The Black gay-girls in the Village gay bars of the fifties knew each other's name, but we seldom looked into each other's Black eyes, lest we see our own aloneness and our own blunted power mirrored in the pursuit of darkness.

Lorde, 226

Lorde writes openly about how difficult it was for Black lesbians to find community, even in the progressive and bohemian Village. In fact, Zami is, as Monica B. Pearl writes, "an effort to find community." In this quote Lorde writes of Black women's eyes literally and figuratively, creating an image of two flesh-and-blood Black women passing each other on the street and not looking at each other deliberately, and also Black women ignoring fully engaging with each other because they are too ensconced in their own loneliness and need to survive.
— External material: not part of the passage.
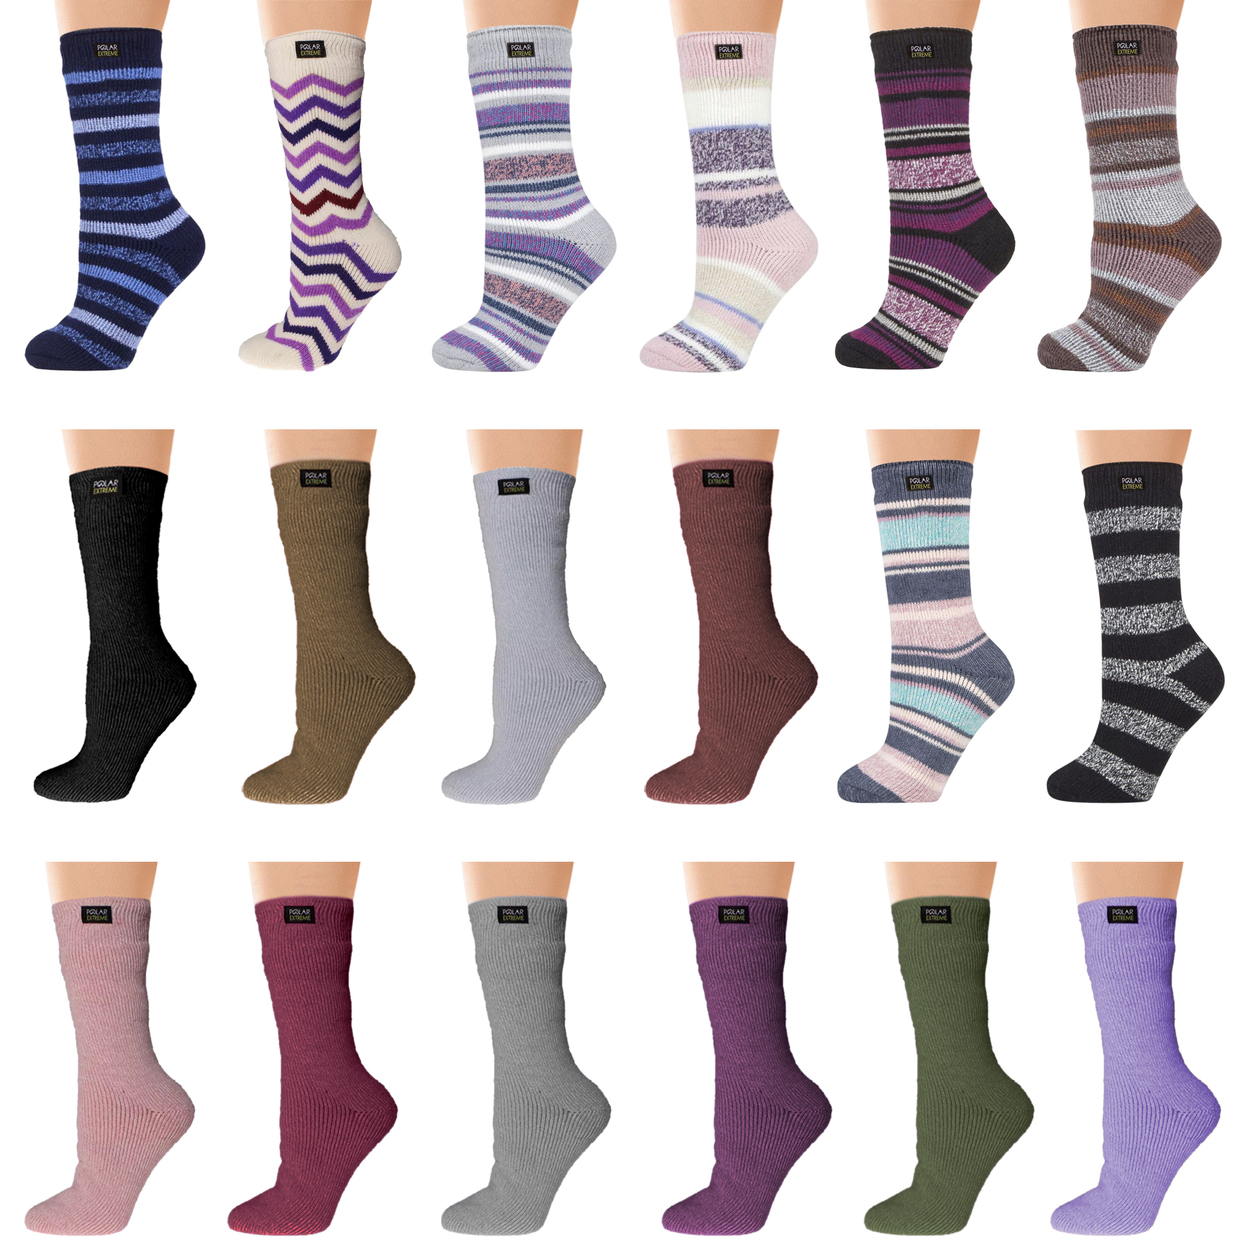 Multi-Pairs: Women's Polar Extreme Insulated Thermal Ultra-Soft Winter Warm Crew Socks - 4-pack

I started to wear the West Indian bangles my mother had brought back from Grenada for me. They covered up the scars and the discolored skin, and I no longer had to give explanations of what had happened.

Lorde, 236

This is a simple image but one that is highly symbolic. This scene is in the aftermath of her breakup with Muriel, in which she poured boiling water on her arm to forget her immense emotional pain. First, Lorde chooses to wear something from her mother. At this point Lorde and her mother were not in frequent contact, but in her attempt to heal, Lorde reaches for something from her mother, from her childhood. Though she does not explicitly say it, it can be inferred that this brings her comfort. And second, these are West Indian bangles—they speak to Lorde's ancestry, her Afro-Caribbean roots. Though the bangles cannot fully heal her wound, they can at least cover up the scars and help her move past this trauma.
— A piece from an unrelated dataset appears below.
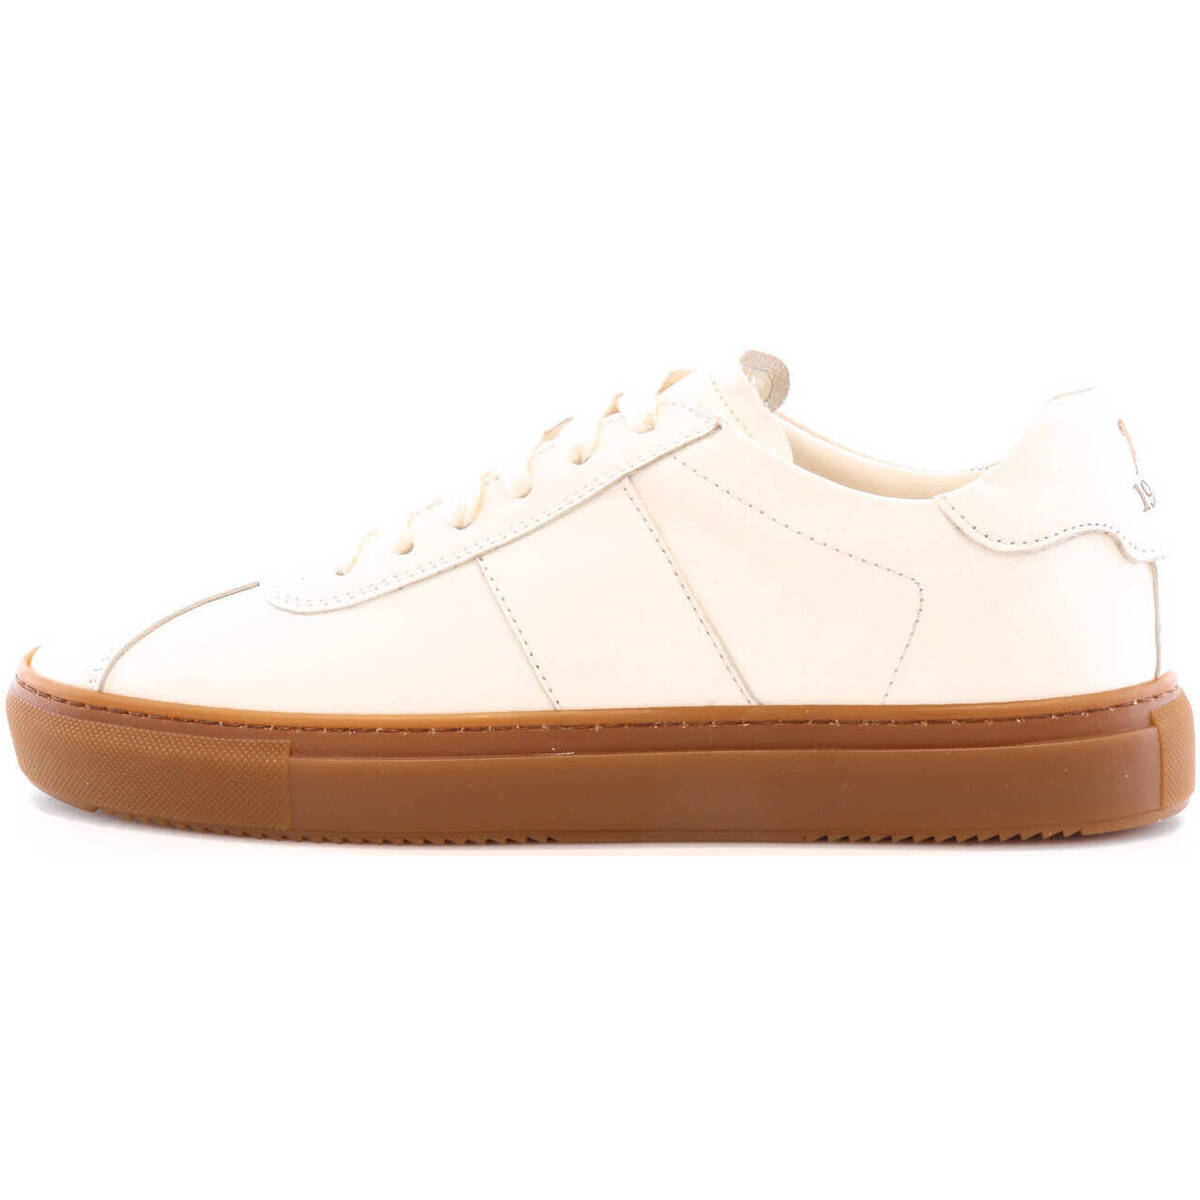 Chaussures Homme Baskets montantes Mark Midor S08-4779 Blanc

We slipped off the cotton shifts we had worn and moved against each other's damp breasts in the shadow of the roof's chimney, making moon, honor, love...

Lorde, 252

Much of Lorde and Kitty's relationship embodies "womanism," a term created by Alice Walker to describe Black women's particular experiences (as opposed to feminism, which tended to privilege white women). Walker wrote that womanists were women who loved other women, whether sexually or non-sexually. A womanist, she stated, “loves music. Loves dance. Loves the moon. Loves the Spirit. Loves love and food and roundness. Love struggle. Loves the Folk. Loves herself. Regardless." In this scene in which these two Black women make love under the moon (which alludes to the connection between women/goddesses and the natural world), we see womanism in its fullest, most sustaining embodiment.
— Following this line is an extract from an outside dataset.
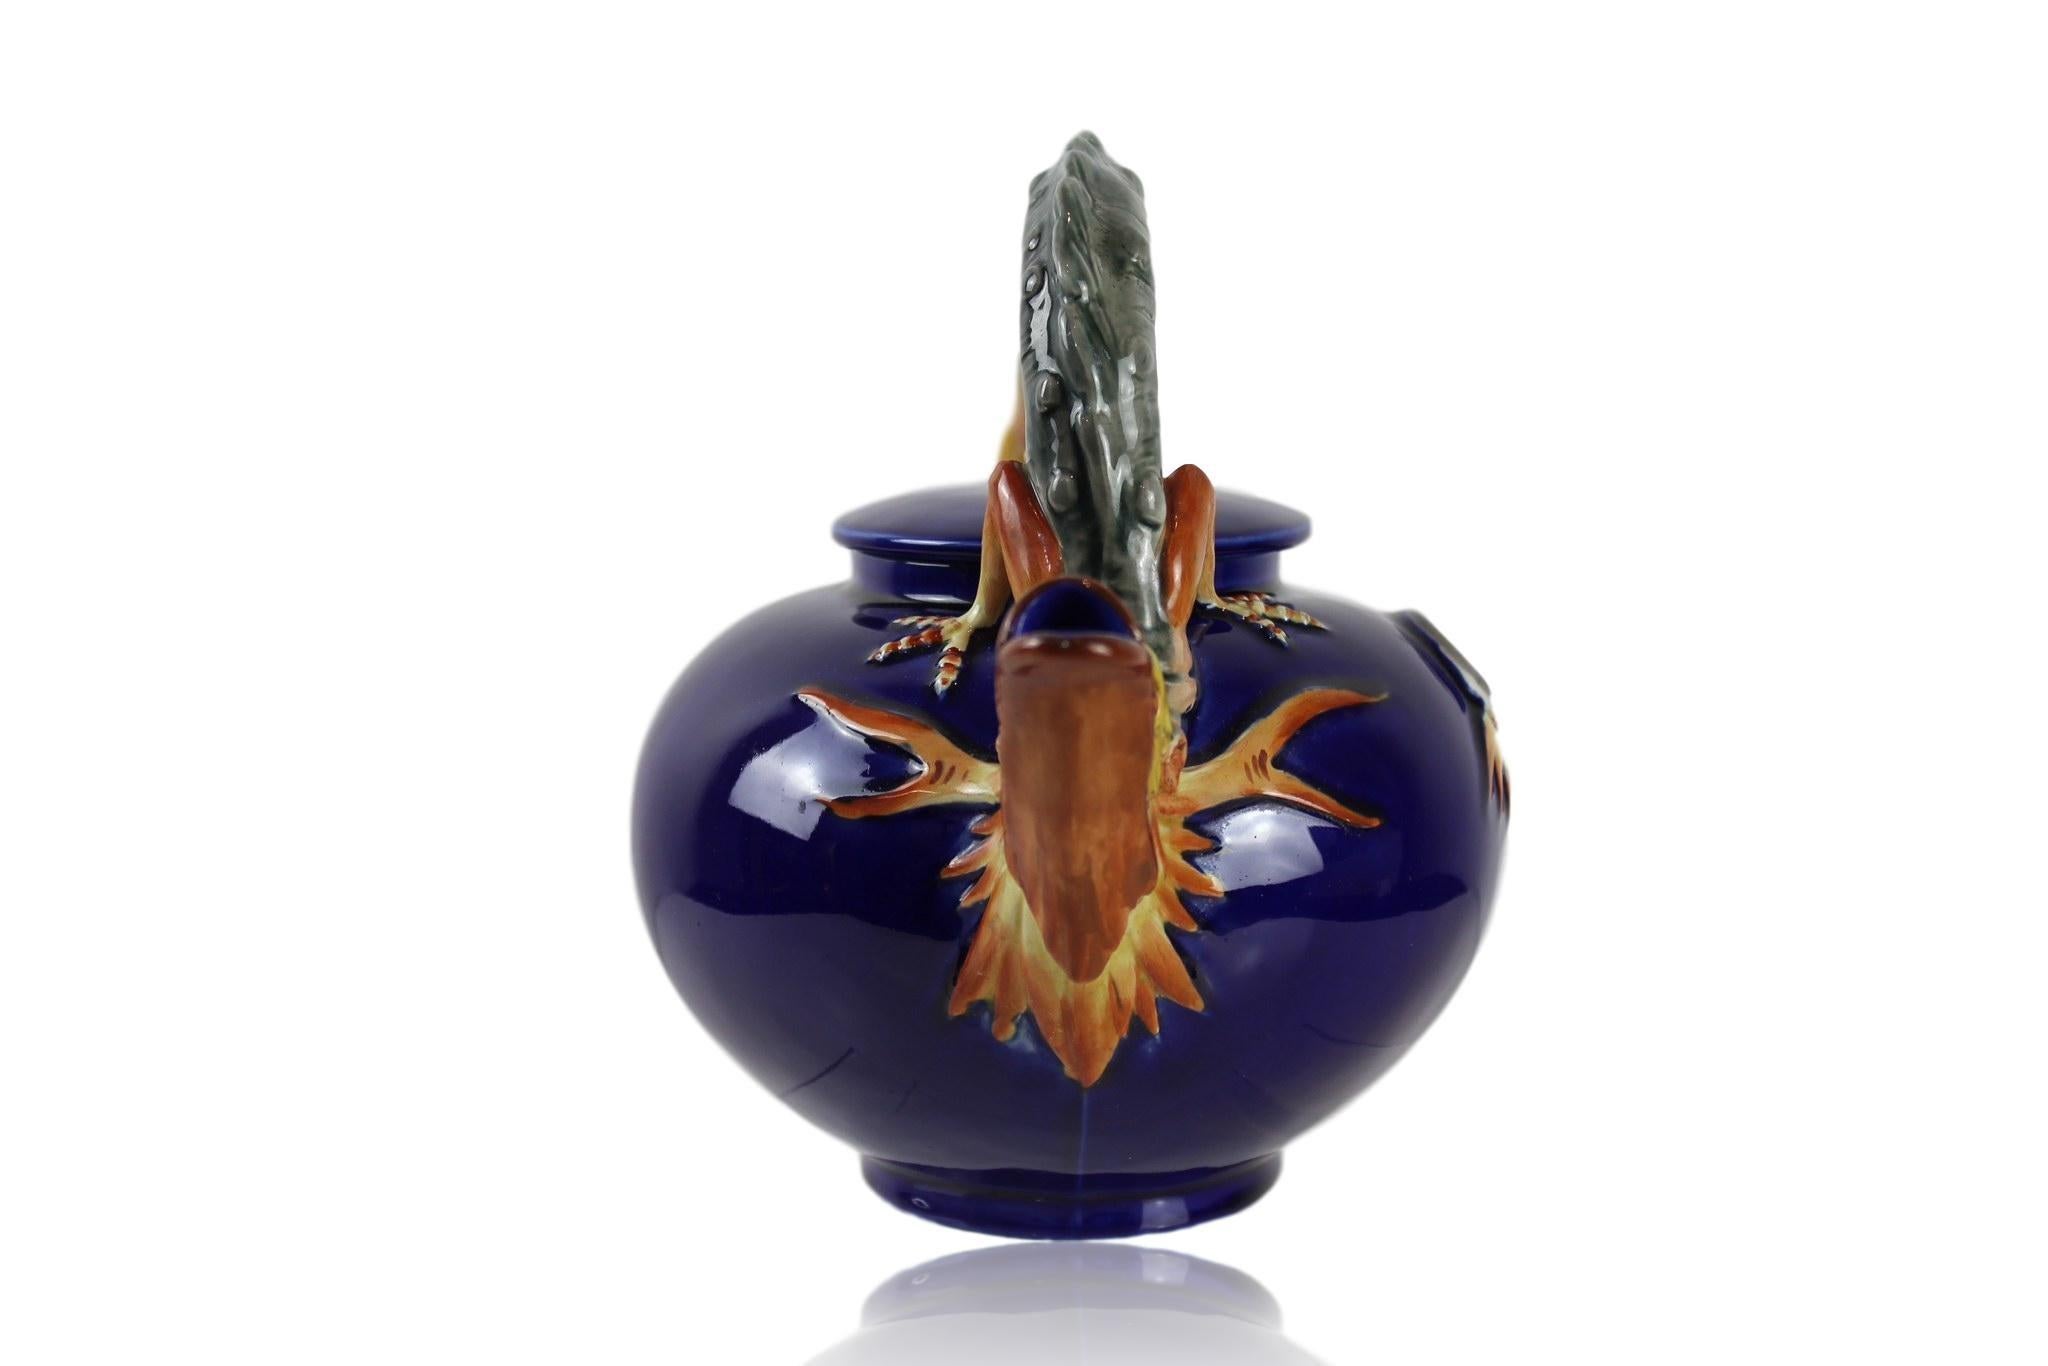 Victorian Wedgwood Majolica Dragon Teapot in Cobalt Blue by Hugues Protât, Dated 1871

Every woman I have ever loved has left her print upon me, where I loved some invaluable piece of myself apart from me—so different that I had to stretch and grow in order to recognize her. And in that growing, we came to separation, that place where work begins. Another meeting.

Lorde, 255

A traditional autobiography or bildungsroman privileges the self. It is a narrative of the individual, navigating the vicissitudes of their life. Others certainly factor in, but are mostly viewed as peripheral. Certainly Zami, which is in the first-person and is one woman's story, contains elements of those forms. Yet for Lorde, community is more important than the individual. Women in her life are fairly and fully depicted. She frankly acknowledges their influence on her. And, perhaps most importantly, the name she chooses for herself is not simply a name for a single person—it is a name for all women who love women.